А ты глядишь - усталая, но гордая.
И непокорность жестами кричит:
«Русь никогда не соглашалась с ордами…
На варварские правила мужчин!»

* * *
Кем мы были на этом свете,
Как любили, о чём мечтали,
Будут знать лишь бродяга-ветер
Да полоска булатной стали.
А крестьянин, взглянув на небо,
Поле сечи забытой вспашет.
И взметнутся колосья... хлеба
Над безвестной могилой нашей.
Горевать нам с тобой нелепо,
Ведь не зря подчинимся тленью.
Нам кормить свежим русским хлебом
Поколенье за поколеньем!
Хлебом-солью приветят князя,
И усобиц костры погаснут.
Значит, падали с криком наземь
Не напрасно.

1914
...а жизнь была пугающе тиха.
И благостна.
        И так легко писалось.
Внезапная истерика стиха
В среде поэтов вызывала жалость.

Никто не верил, что придёт беда
И где-то
    «Дранг нах остен!»
                 крикнут зычно.
Лишь мальчиков в последние года
Рождалось многим больше, чем обычно.

Четырнадцатый... Рослы и стройны,
Юнцы готовы послужить Отчизне...
Шесть месяцев осталось до войны,
Которая перечеркнёт их жизни.

Ну а пока: прозрачна и чиста,
Глядит заря в окошко слюдяное.
И время пишет с чистого листа
Привычное,
      банальное,
              земное...

* * *
Сибирские реки на север текут -
Об этом с рождения знают
Татарин и русский, остяк и якут
И каждая птица лесная,

И сумрачный лес, перешедший в тайгу,
От плотности дерева чёрный.
Сибирские реки на север влекут
То лодки, то струги, то чёлны.

До снежных пределов, где космос лежит
На спинах у белых медведей.
Сибирские реки - на север, где, жить
Способен лишь выстывший ветер.

Меж топей брусничных, в таёжной глуши
Любая тропа - словно речка.
Теряясь, петляя, на север шуршит
И шепчет на вечном наречье.

КУЛАЙ
Памяти жертв
политических репрессий

1
Снега скрип,
         ветра вой,
                  ветра лай.
И деревья, нависшие грозно...
В этих дебрях затерян Кулай,
От которого веет морозно.

Здесь меж сосен седых, в полусне,
С ветром истина бродит простая:
Снег, конечно, сойдёт по весне,
Но уже никогда не растает...

2
…А зима в этот год оказалась буранная, злая.
И земля - будто камень, и воздух холодный как лёд.
Двое рыли могилу у речки таёжной Кулая
И ругались: «кайло этот смёрзшийся грунт не берёт!»

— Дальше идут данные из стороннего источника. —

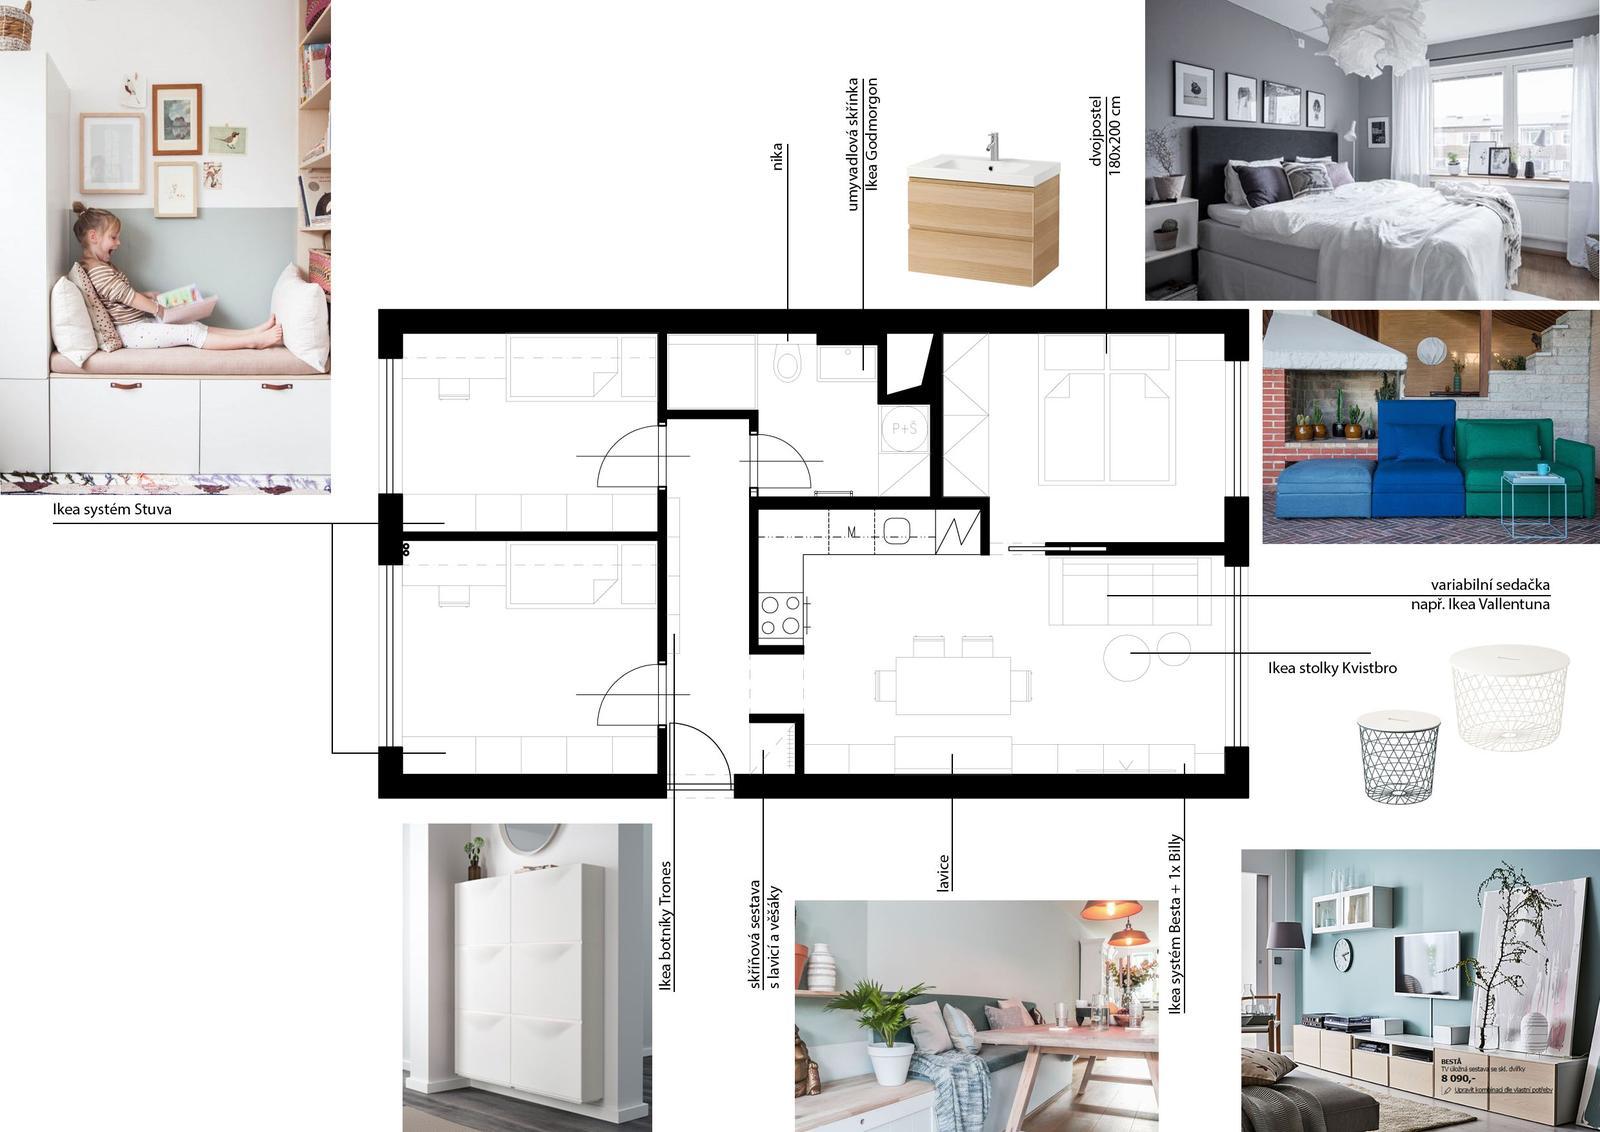 Obýváky - 4+kk na 60 m2

И земля не брала небольшое, иссохшее тельце,
Что лежало поодаль, а сверху накинут мешок.
Двое рыли могилу (а в прошлом они - земледельцы),
И лопата вгрызалась в холодную твердь на вершок.

Сколько минуло лет с той холодной январской минуты?
Сколько схлынуло зим, сколько вёсен встречала тайга?
Но, Россия, неужто и вправду былую вину ты
Позабыла и прошлое спрятала здесь на века?

Или всё же ты помнишь худого подростка с лопатой
И второго, постарше, с кайлом и слезливым лицом.
Тот второй: невысокий, немного сутулый, хрипатый.
Мальчуган его звал может «папкой», а может «отцом».

У таёжной реки буйноцветие трав - можно в рамку
Этот дикий пейзаж, и на стену, чтоб радовал глаз.
Где те двое страдальцев, в слезах положившие мамку
Под промёрзшей земли неумело сковырнутый пласт?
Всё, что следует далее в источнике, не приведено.